Whisper

Whisper is a general-purpose speech recognition model. It is trained on a large dataset of diverse audio and is also a multitasking model that can perform multilingual speech recognition, speech translation, and language identification.

Whisper home page

Whisper can be installed to a SD Desktop virtual machine with SD Software installer.

The version provided for SD Desktop is based on Faster-Whisper-XXL.

After installation, Whisper is available as a command-line tool in SD Desktop.

Sample commands:

whisper audio.mp3 --model medium --threads 4

Sample command with diarization enabled:

whisper interview.mp4 --model large --language French --threads 4 --diarize pyannote_v3.0 --diarize_threads 4 --num_speakers 2 -o interview_results

Update on 5.5.2025

Before the latest update, the SD tool installer provided WhisperDO-based Whisper installation.

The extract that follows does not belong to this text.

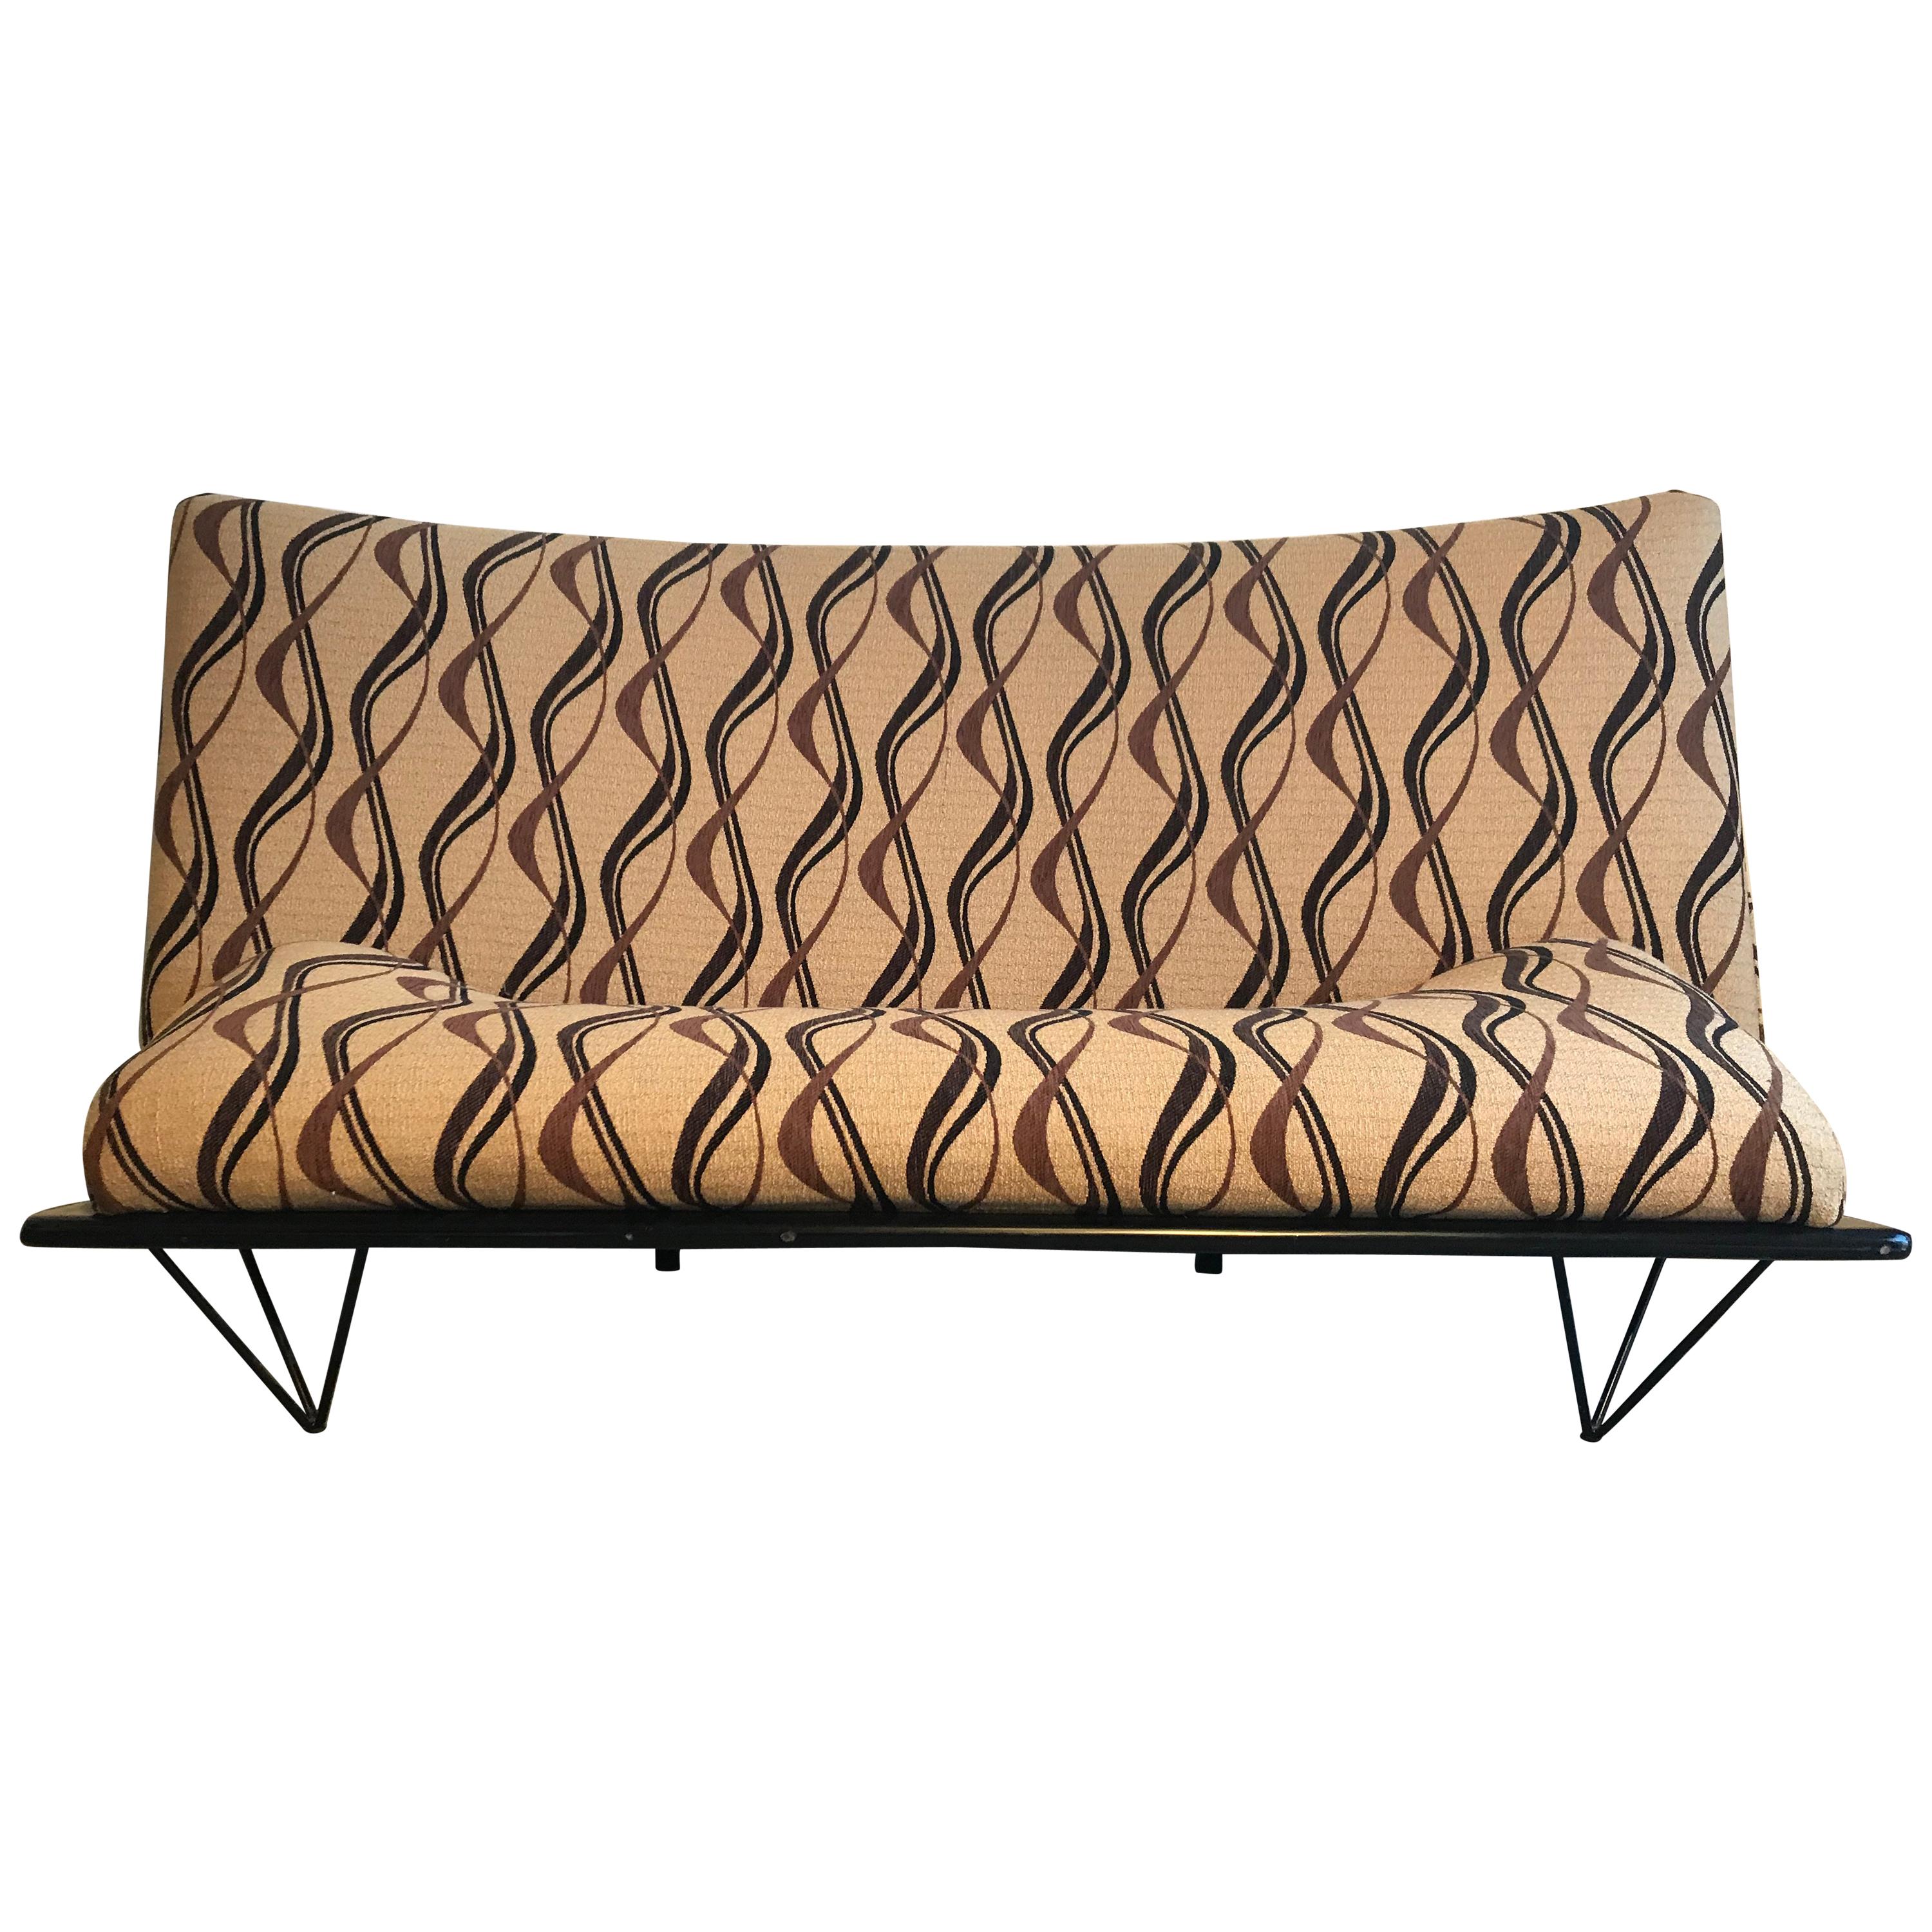 “Squash” Brown Sofa by Paolo Deganello for Driade For Sale

Faster-Whisper-XXL provides now new features, like diarization, and better performance compared to the old WhisperDO.

If you want to upgrade your old WhisperDO installation to the new Faster-Whisper-XXL, you need to first remove the old version with commands:

rm /shared-directory/sd-tools/apptainer/whisper.sif
rm /shared-directory/sd-tools/bin/whisper

After that you can use the SD tool installer to install the new version of Whisper.